This is a 4-bit quantized version of naver-hyperclovax/HyperCLOVAX-SEED-Think-32B using bitsandbytes NF4 quantization with double quantization for optimal memory efficiency.

Model Overview

HyperCLOVA X SEED 32B Think is an advanced vision-language thinking model that extends the SEED Think 14B line.

Quantization Details

Quantization Method: bitsandbytes NF4 (NormalFloat 4-bit) Compute dtype: bfloat16 Storage dtype: uint8 Double Quantization: Enabled

Installation

Requirements

pip install torch transformers bitsandbytes accelerate

Quick Start

import torch
from transformers import AutoModelForCausalLM, AutoTokenizer

model_id = "jjjssjs/HyperCLOVAX-SEED-Think-32B-4bit"

# Load tokenizer
tokenizer = AutoTokenizer.from_pretrained(
    model_id,
    trust_remote_code=True,
    fix_mistral_reges=True
)

# Load quantized model (quantization config is in config.json)
model = AutoModelForCausalLM.from_pretrained(
    model_id,
    device_map="auto",
    trust_remote_code=True,
    torch_dtype=torch.bfloat16,
)

# Generate
inputs = tokenizer("양자역학이 뭐야?", return_tensors="pt").to(model.device)

with torch.no_grad():
    outputs = model.generate(
        **inputs,
        max_new_tokens=100,
        do_sample=True,
        temperature=0.7,
        top_p=0.9,
    )

print(tokenizer.decode(outputs[0], skip_special_tokens=True))

Usage Examples

Basic Text Generation

prompt = "Explain quantum computing in simple terms."
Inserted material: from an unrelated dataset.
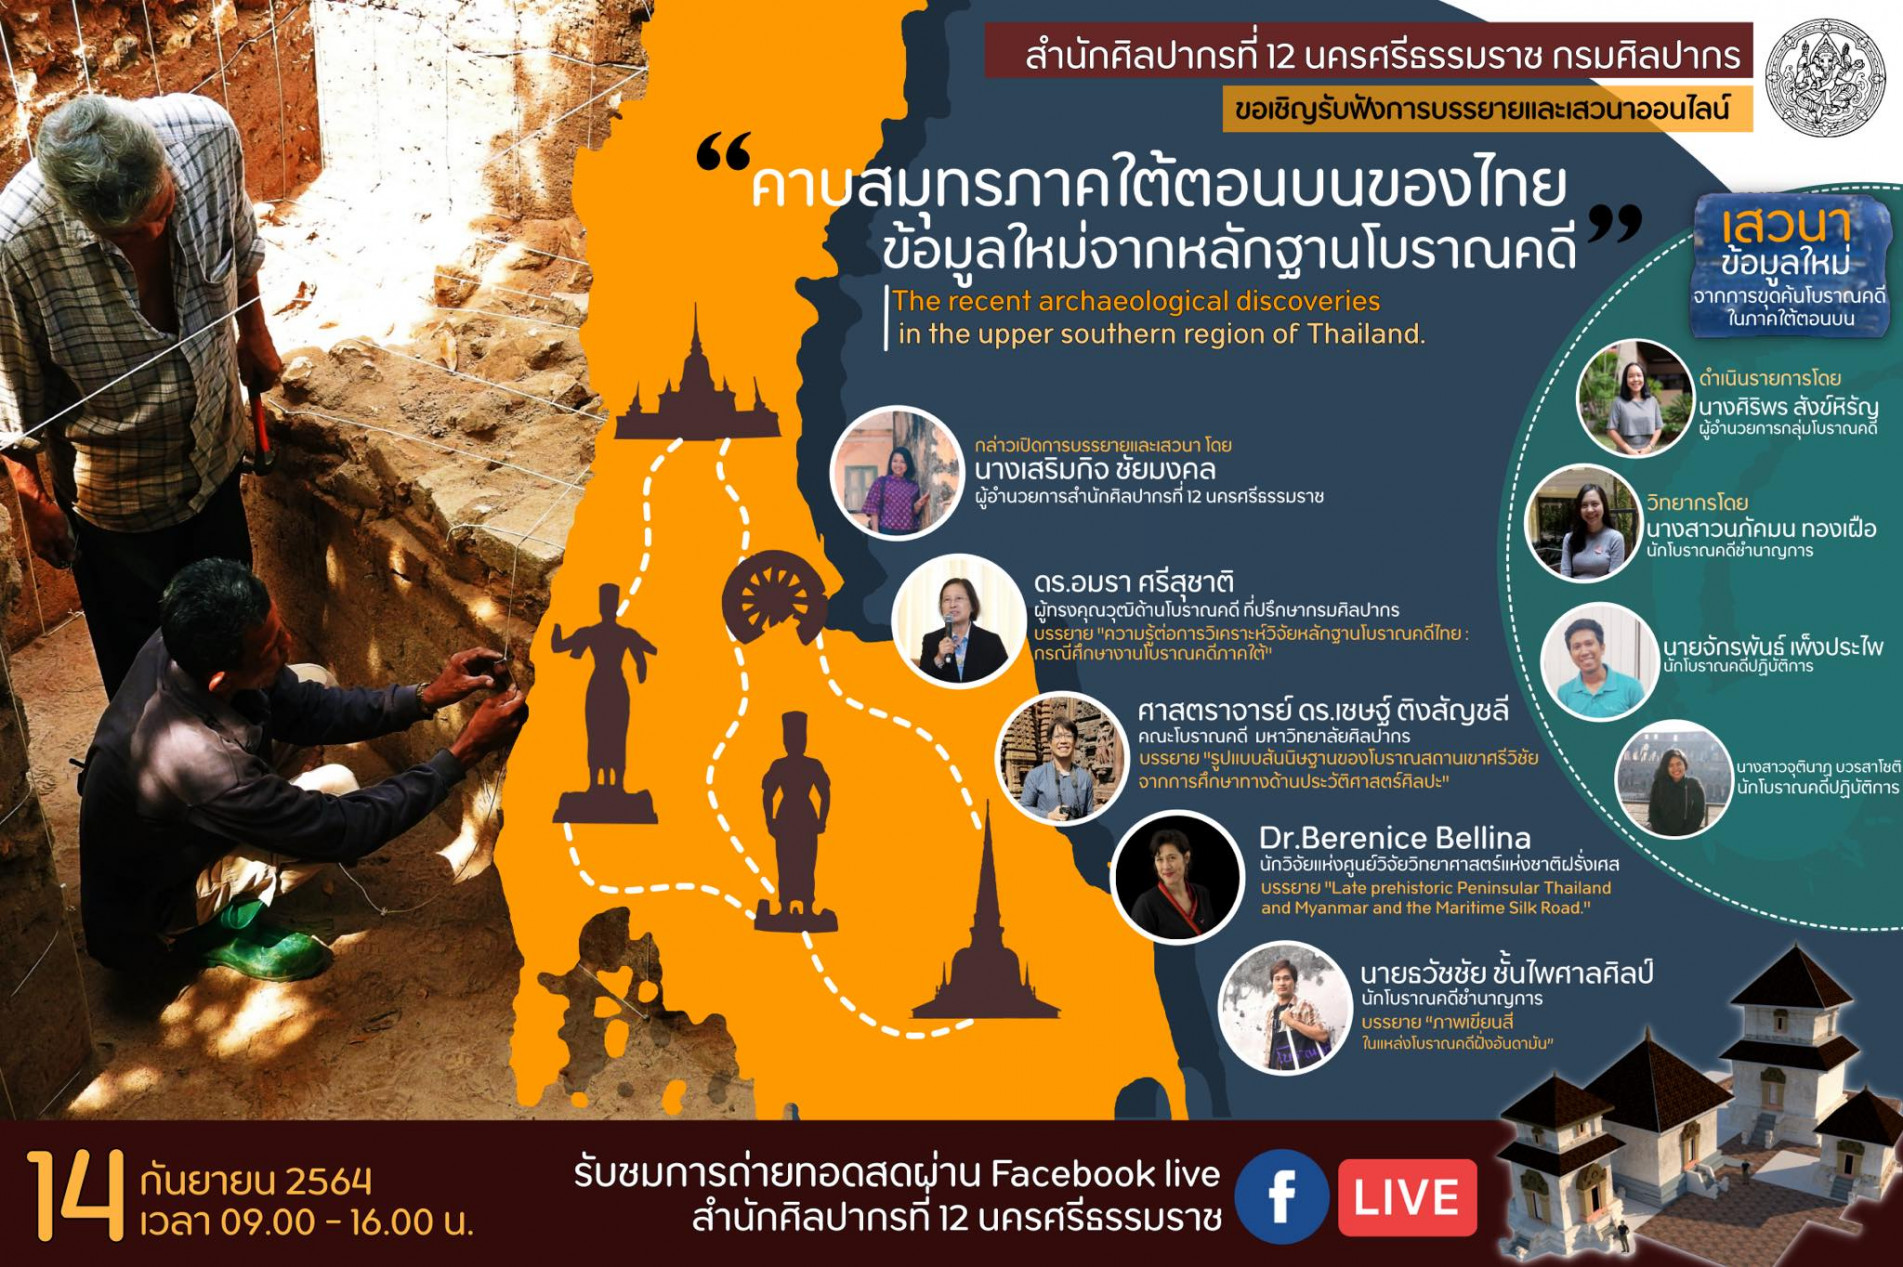 """ขอเชิญชม Facebook Live บรรยายและเสวนาทางวิชาการ """"คาบสมุทรภาคใต้ตอนบนของไทย ข้อมูลใหม่จากหลักฐานโบราณคดี"""""""
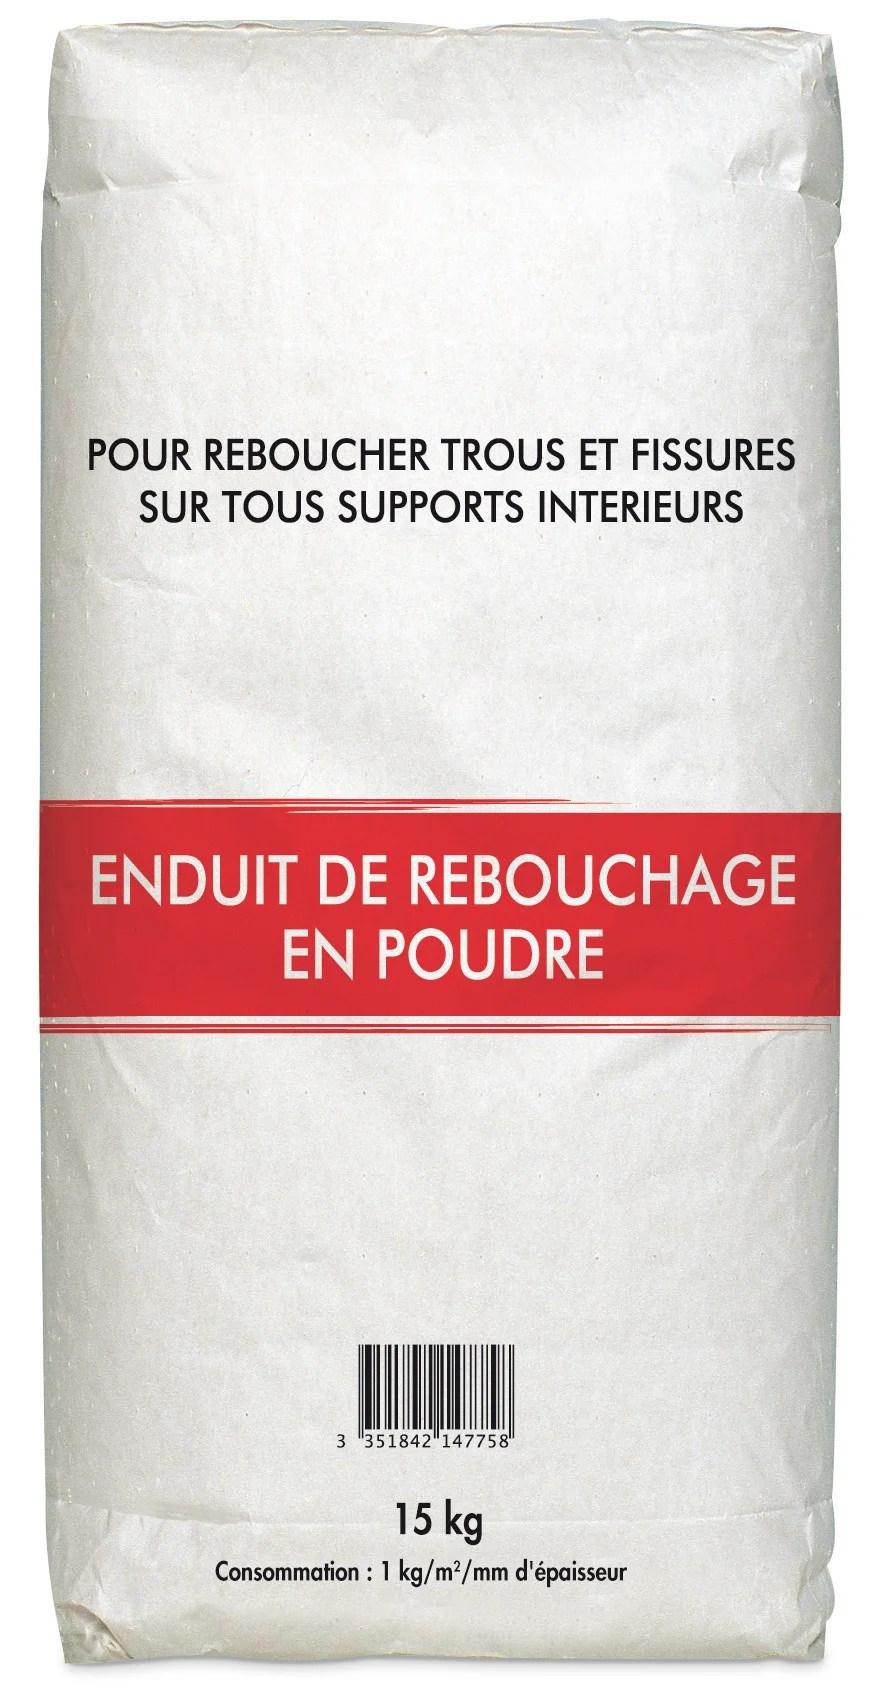 Prix Enduit De Rebouchage Leroy Merlin

inputs = tokenizer(prompt, return_tensors="pt").to(model.device)

outputs = model.generate(
    **inputs,
    max_new_tokens=200,
    temperature=0.7,
    top_p=0.9,
)

response = tokenizer.decode(outputs[0], skip_special_tokens=True)
print(response)

Image Understanding

from PIL import Image

# Load image
image = Image.open("example.jpg")

# Prepare inputs
text = "Describe this image in detail."
inputs = tokenizer(text, return_tensors="pt").to(model.device)

# Generate response
outputs = model.generate(
    **inputs,
    max_new_tokens=150,
)

print(tokenizer.decode(outputs[0], skip_special_tokens=True))

Multi-turn Conversation

conversation = [
    {"role": "user", "content": "What is machine learning?"},
    {"role": "assistant", "content": "Machine learning is..."},
    {"role": "user", "content": "Can you give me an example?"}
]

# Process conversation
inputs = tokenizer.apply_chat_template(
    conversation,
    return_tensors="pt"
).to(model.device)

outputs = model.generate(inputs, max_new_tokens=200)
print(tokenizer.decode(outputs[0], skip_special_tokens=True))

Features:

  • Reasoning mode with <think>...</think> output
  • Multi-turn conversation support
  • Image/Video understanding
  • Korean-centric reasoning
  • Long-context understanding (128K tokens)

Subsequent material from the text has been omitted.